In the first year after starting treatment with ETI, the total number of documented pulmonary exacerbations requiring antibiotic treatment was reduced by 75.9%. In a phase III study in pwCF and a single copy of F508del, the number of exacerbations was reduced by 62.2% after 24 weeks of treatment with ETI.9 Another study in pwCF and advanced lung disease showed that treatment with ETI for 48 weeks reduced the rate of pulmonary exacerbations (also defined based on change in use of any antibiotic) by 97%.26 In the latter study, the authors speculated that limitations on contact outside the household during the COVID 19 pandemic may have contributed to the near elimination of pulmonary exacerbations seen. The majority of the current study also took place during the COVID-19 pandemic due to the timing of approval of ETI in Europe. Thus, although there is no doubt that treatment with ETI reduces the number of pulmonary exacerbations, we cannot rule out the possibility that measures such as self-isolation and wearing masks during the COVID-19 pandemic could also have contributed to the reduction in the number of exacerbations seen. A more detailed analysis of exacerbations over each year since the start of the COVID-19 pandemic is planned and might provide better insight.
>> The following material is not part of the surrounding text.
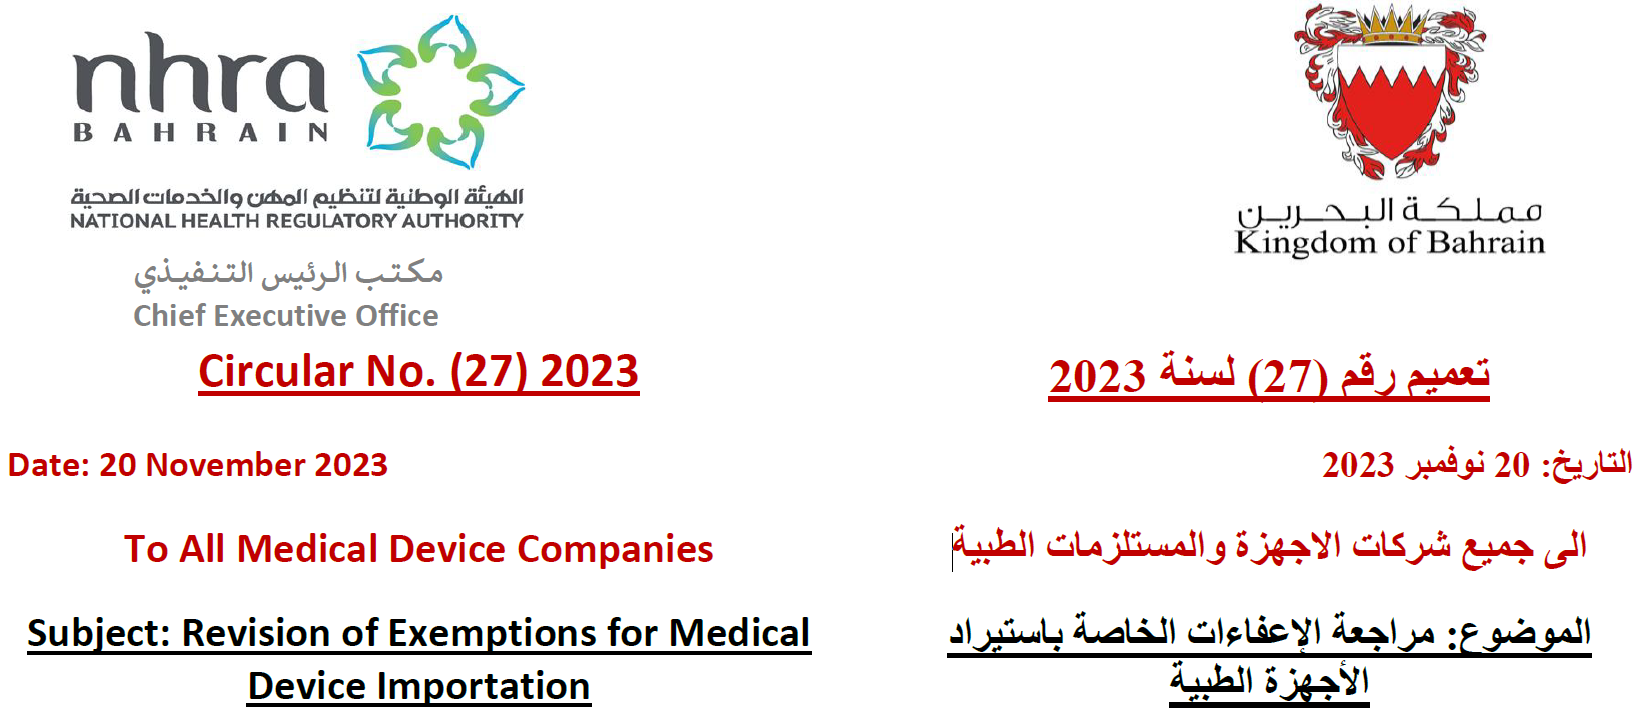 التعميم رقم (27) لسنة 2023: إلى جميع شركات الأجهزة والمستلزمات الطبيةمراجعة الإعفاءات الخاصة باستيراد الأجهزة الطبية

Regardless of the contributing factors, a reduction in the number of exacerbations could contribute to better long-term outcomes for pwCF (e.g., survival) because exacerbations are a risk factor for faster decline in FEV1.27
As a clinical marker of CFTR function, the sweat chloride concentration is related to disease severity and is predictive of mortality, lung function and BMI.28 The absolute change in sweat chloride concentration from 97.0 mmol/L in the year before ETI to 46.1 mmol/L in the year after initiation of ETI in our cohort is greater than that in studies including only F508del homozygous pwCF.8,11 The absolute mean change of 50.9 mmol/L in the current study was also greater than that in the PROMISE study (41.7 mmol/L after 6 months).21 As in the PROMISE study,21 we found a significant difference between males and females regarding the change in sweat chloride concentration, but not for BMI and ppFEV1 after initiation of ETI.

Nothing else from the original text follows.